Шрифт:
Интервал:
Закладка:
В этом контексте не представляется удивительным и другое сходство в истории слов и понятий русского и французского языков. Речь идет о некоторых аналогиях в развитии фр. oisiveté и однокоренных с ним слов и рус. праздность и примыкающей к нему группы слов. Эти слова близки по значению (исходно обозначают одно понятие) и сходствуют по характеру первоначального употребления. Фр. oisiveté, как и славянская праздность, является по происхождению книжным, ученым словом.

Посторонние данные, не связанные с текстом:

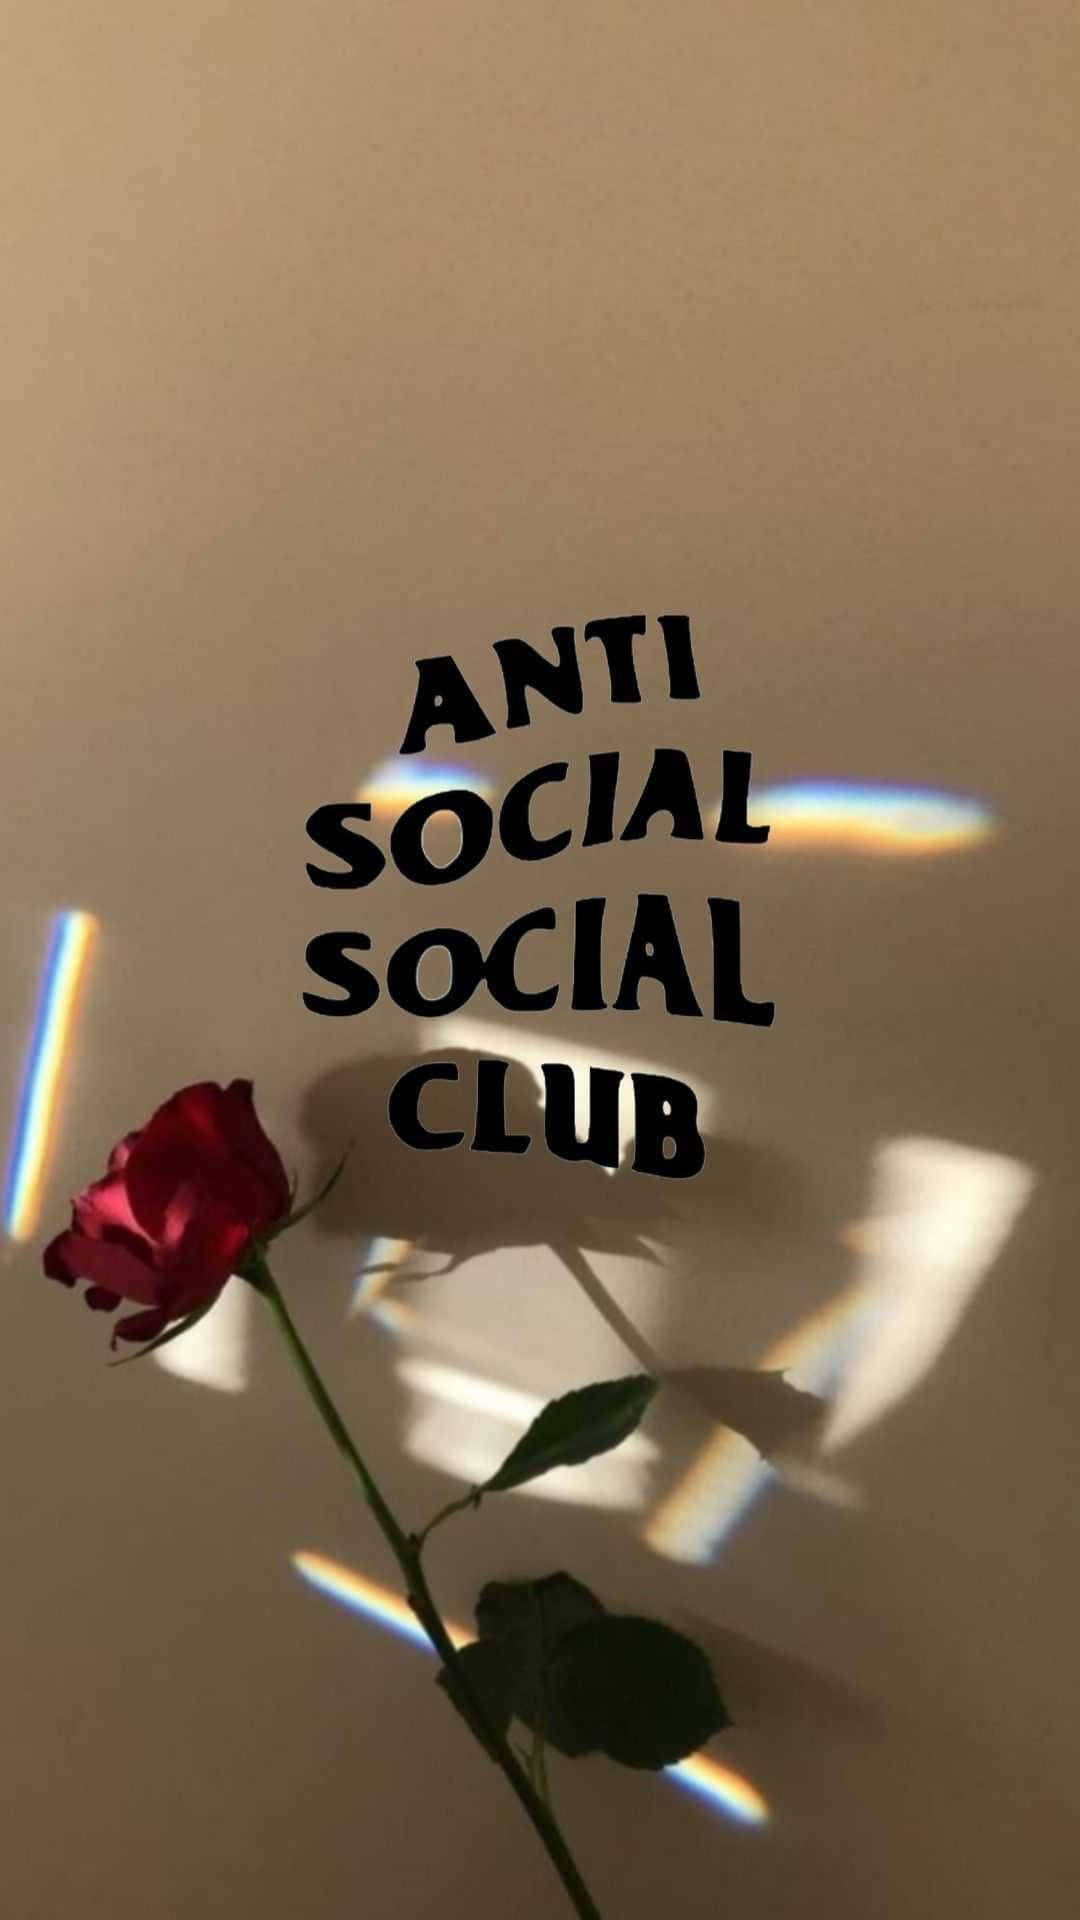 Download Red Rose And Anti Social Club iPhone Wallpaper
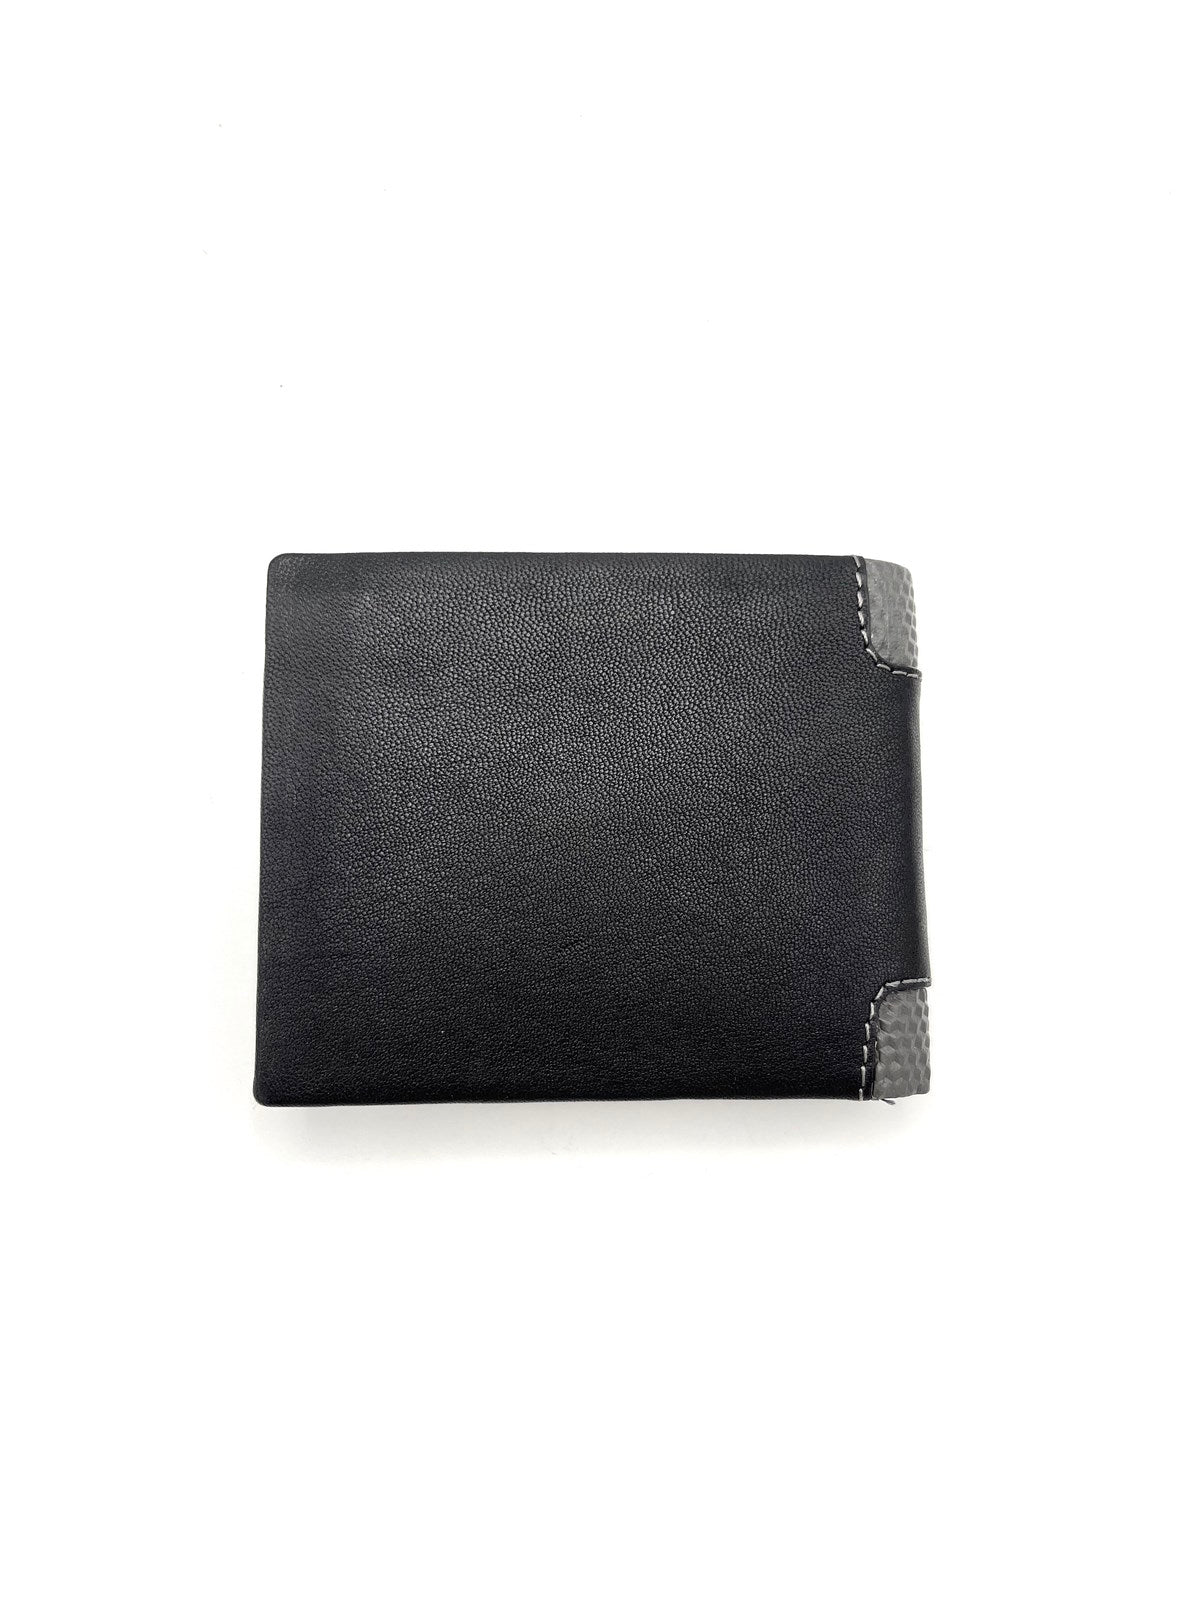 Brand Jaguar, Genuine leather wallet, for men, art. PF745-9.062

Оно встречается, хотя и довольно редко, в моралистических и религиозных текстах XII–XIII вв. и получает более широкое распространение позднее. «Il est pourvu d’une connotation négative, car il désigne une faute grave, qui découle du péché mortel de paresse» [Ménard 1996: 457; Schalk 1985: 232–234]. Те же негативные коннотации и у более распространенного существительного с тем же значением oiseuse– это та праздность, которая мать всех пороков [Andrieux-Reix 1996: 480]. Аналогично обстоит дело и с прилагательными oisos, oiseus, происходящими из лат. otiosus, равно как с близкими к ним по значению oisdif, oisif (об их семантической диффренциации см. [Schalk 1985: 232]). Как указывает П. Менар, они «impliquent condamnation d’un comportement néfaste au plan moral. Selon l’antique conception chrétienne le diable rôde pour perdre les oisifs. C’est la une représentation classique au Moyen Âge. Il apparaît donc que la famille de l’oisiveté ne pouvait guère dans le monde médieval servir а exprimer le loisir créateur, l’activité désintéressée, le recueillement intérieur. Les termes qui relèvent de cette famille semblent appartenir au domaine de l’inaction, et donc du mal» [Ménard 1996: 457]. Обозревая средневековую духовную литературу, Менар приходит к выводу, что «l’oisiveté, et donc le loisir, sont toujours représentés sous de noires couleurs» [Ibid.: 464]. Праздность рассматривается как разновидность равнодушия и греховного бездействия (ср. [Wenzel 1960]) и понимается как путь к греху и погибели в силу испорченности человеческой природы, дурные наклонности которой побеждают, когда не сдерживаются каждодневным трудом и заботами [Ménard 1996: 464]. Примеры из религиозной литературы бесчисленны – начиная от памятников раннего средневековья и кончая моралистическими трактатами XVII–XVIII вв. (ср. о Петрарке, Маккиавелли, Шекспире, Мильтоне и т. д.: [Vickers 1990: 111–153]; о французских духовных писателях XVII–XVIII вв. Бурдалу, Фенелоне, Массилльоне ср. [Schalk 1985: 237–238]).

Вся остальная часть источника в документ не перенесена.